**Data shown**

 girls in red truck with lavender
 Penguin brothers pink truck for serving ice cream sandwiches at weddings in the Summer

...

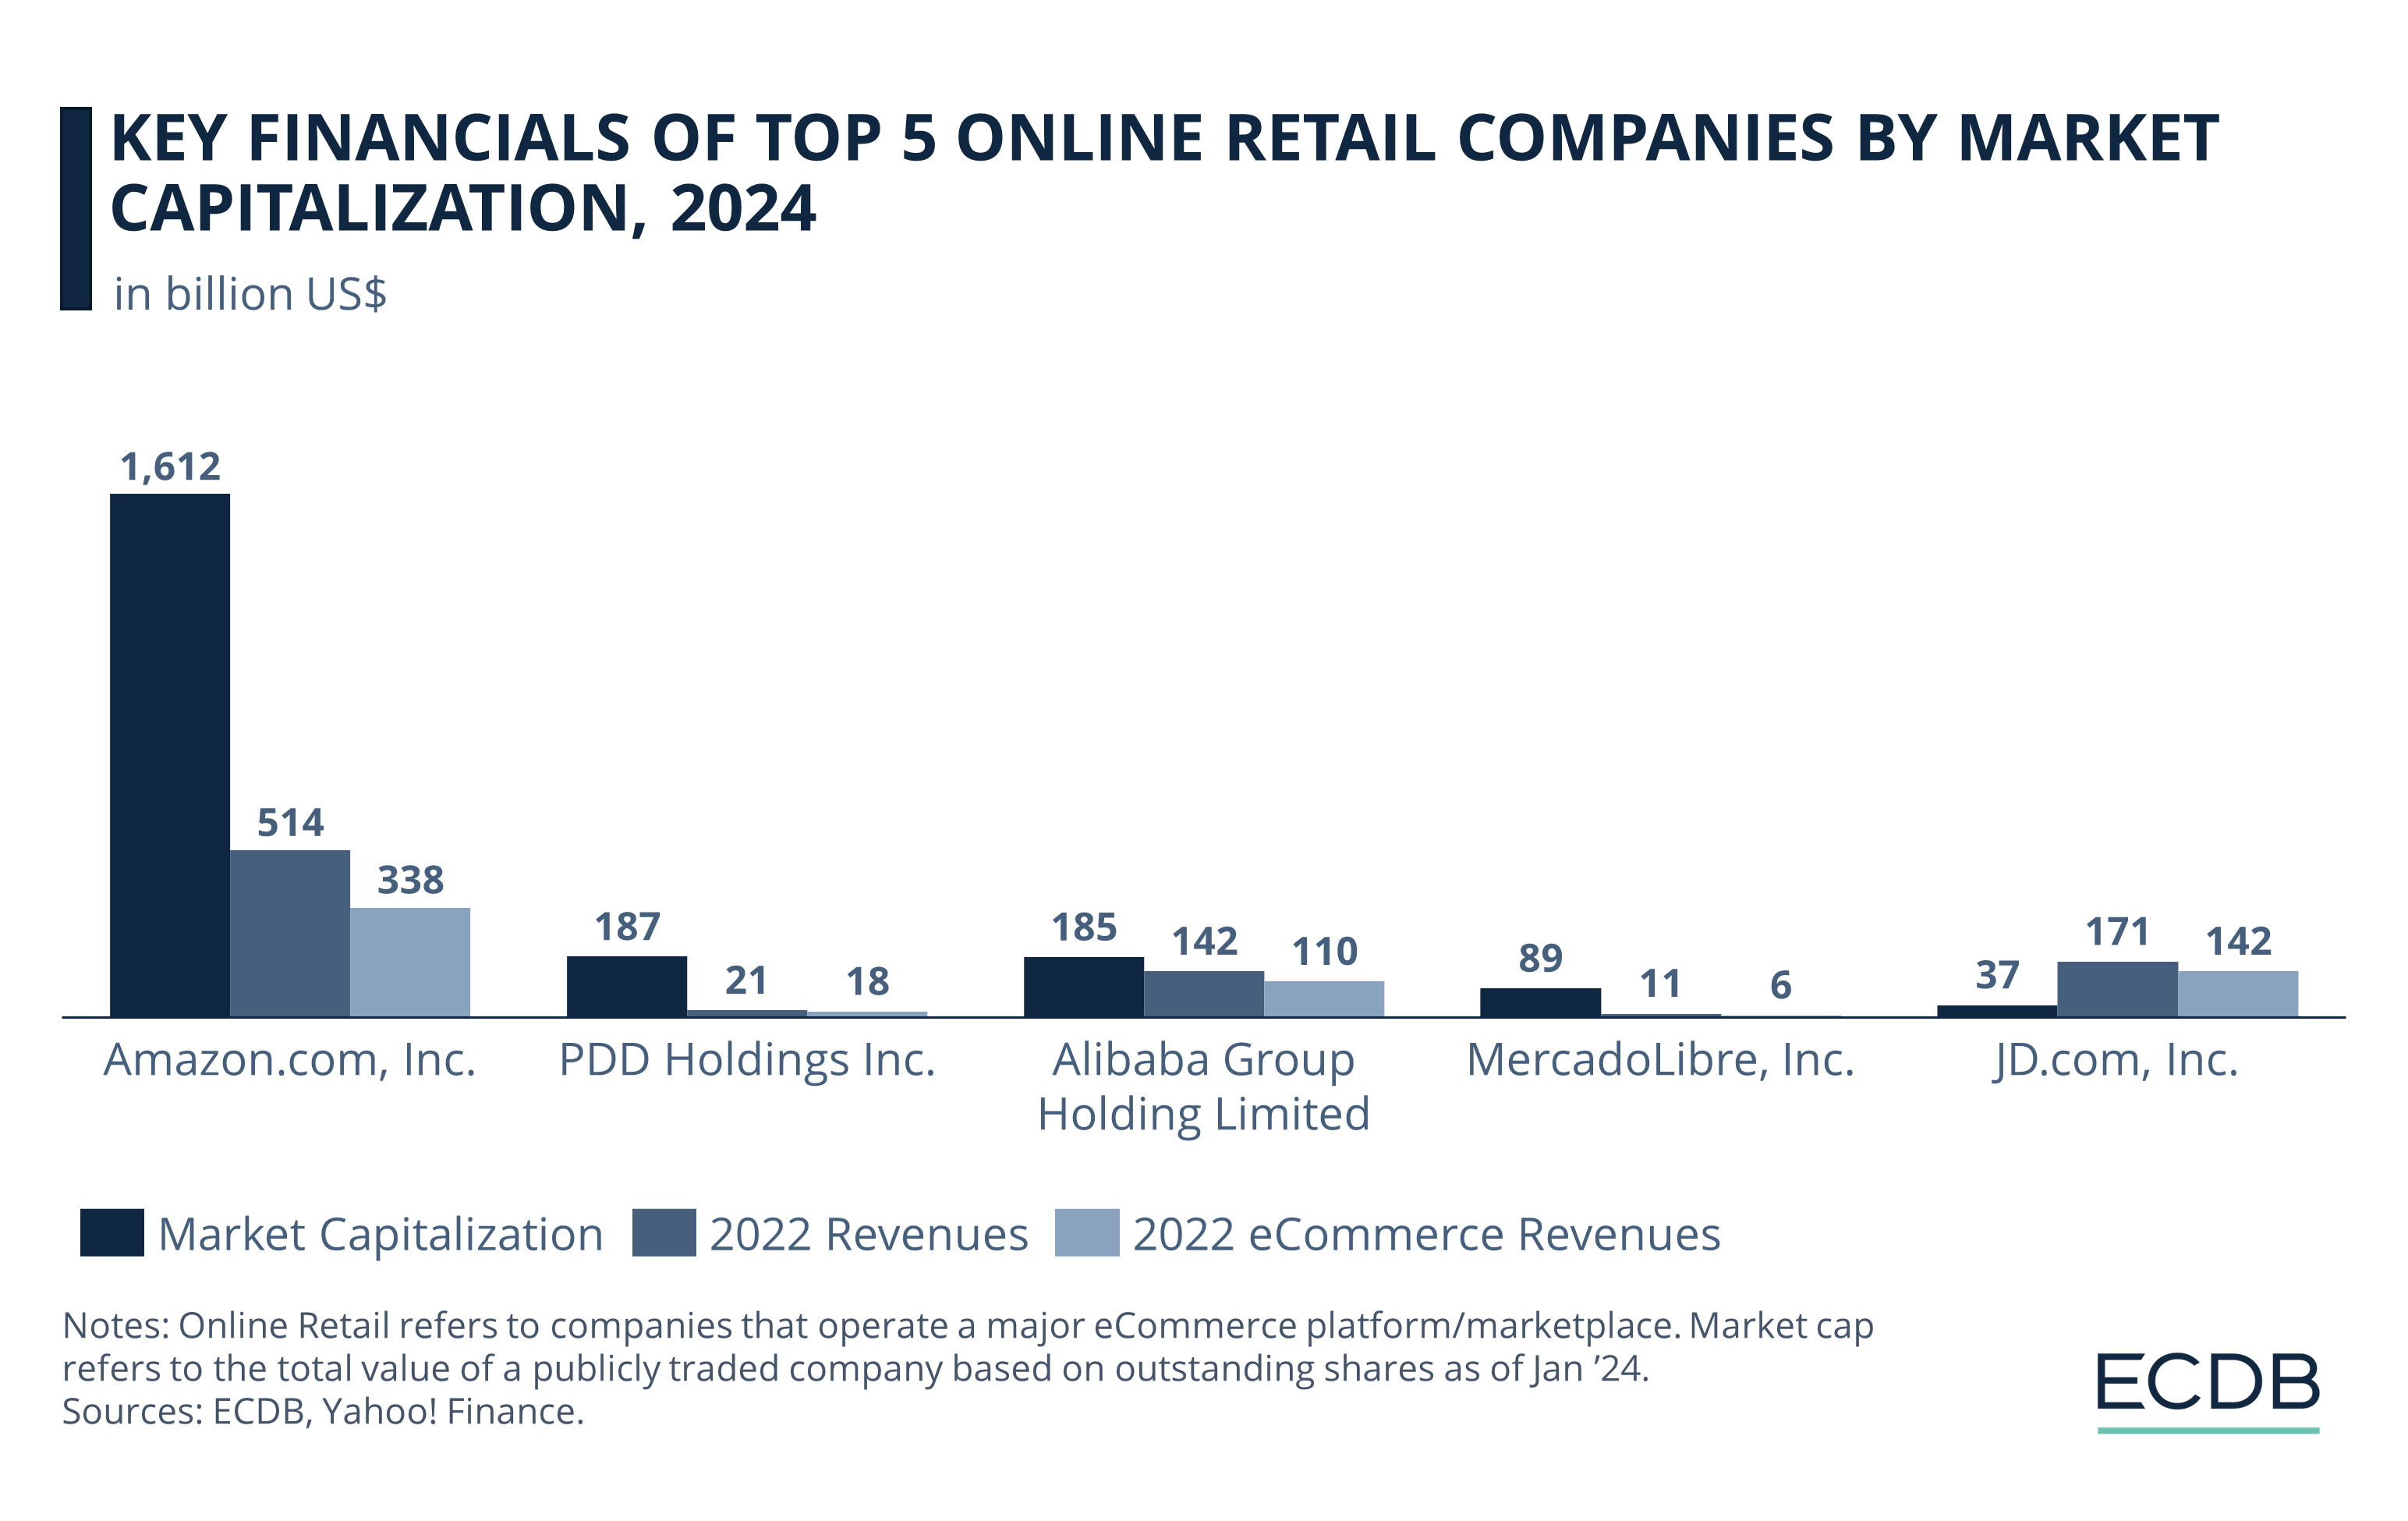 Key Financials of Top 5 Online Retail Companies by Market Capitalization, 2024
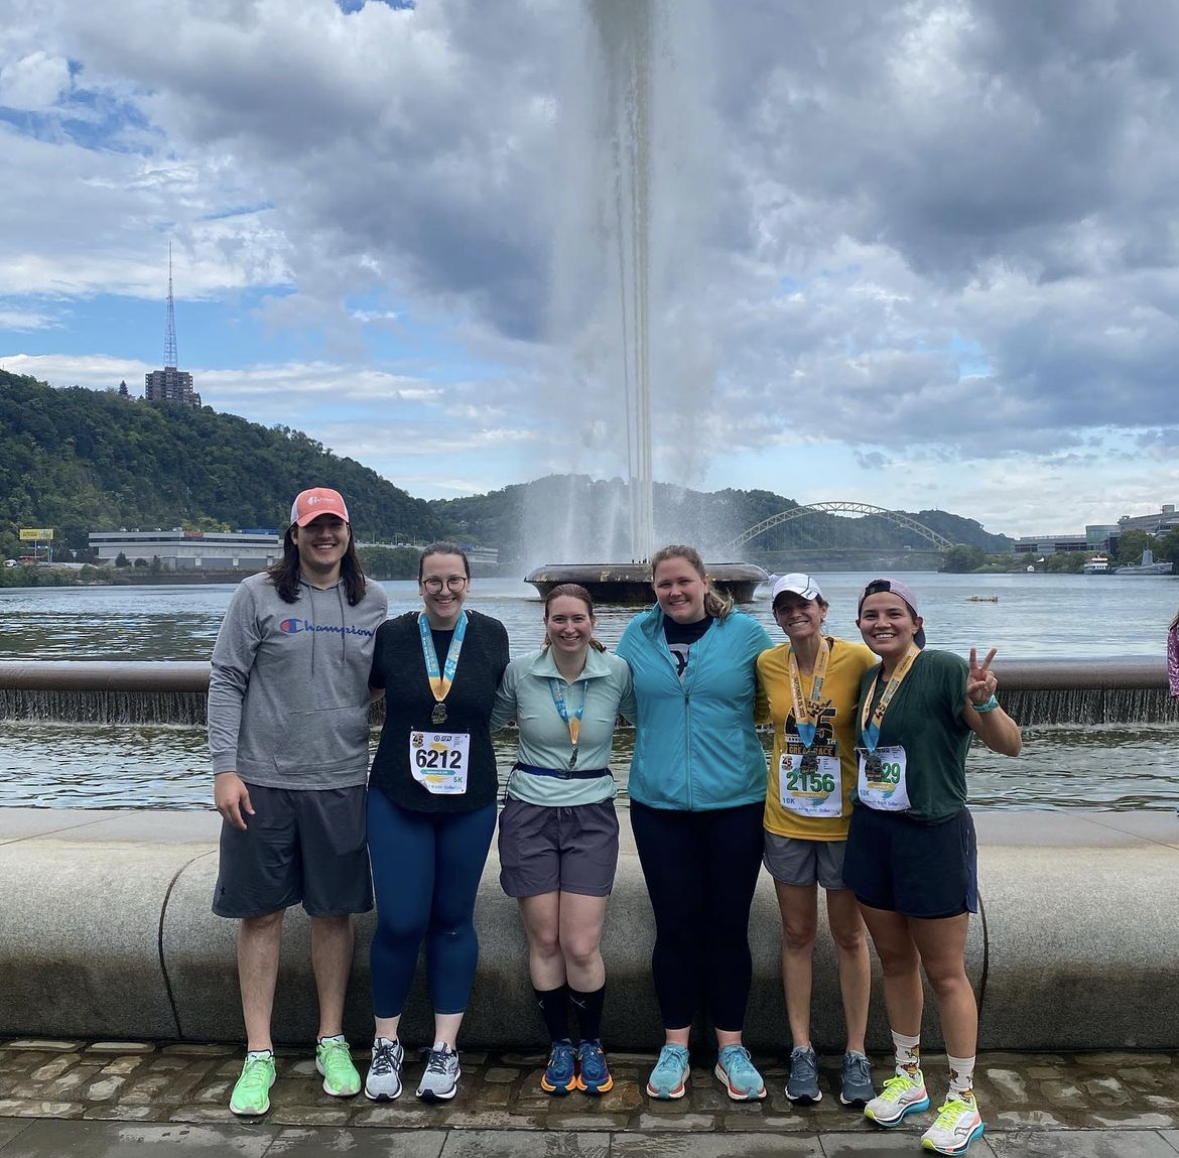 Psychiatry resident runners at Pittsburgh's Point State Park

**Exercise objective**
From the listing above, the lines starting with the one that has "girls in red truck with lavender" and running through the one that has "Penguin brothers pink" should be copied exactly, ends included.

**Exercise response**
 girls in red truck with lavender
 Penguin brothers pink truck for serving ice cream sandwiches at weddings in the Summer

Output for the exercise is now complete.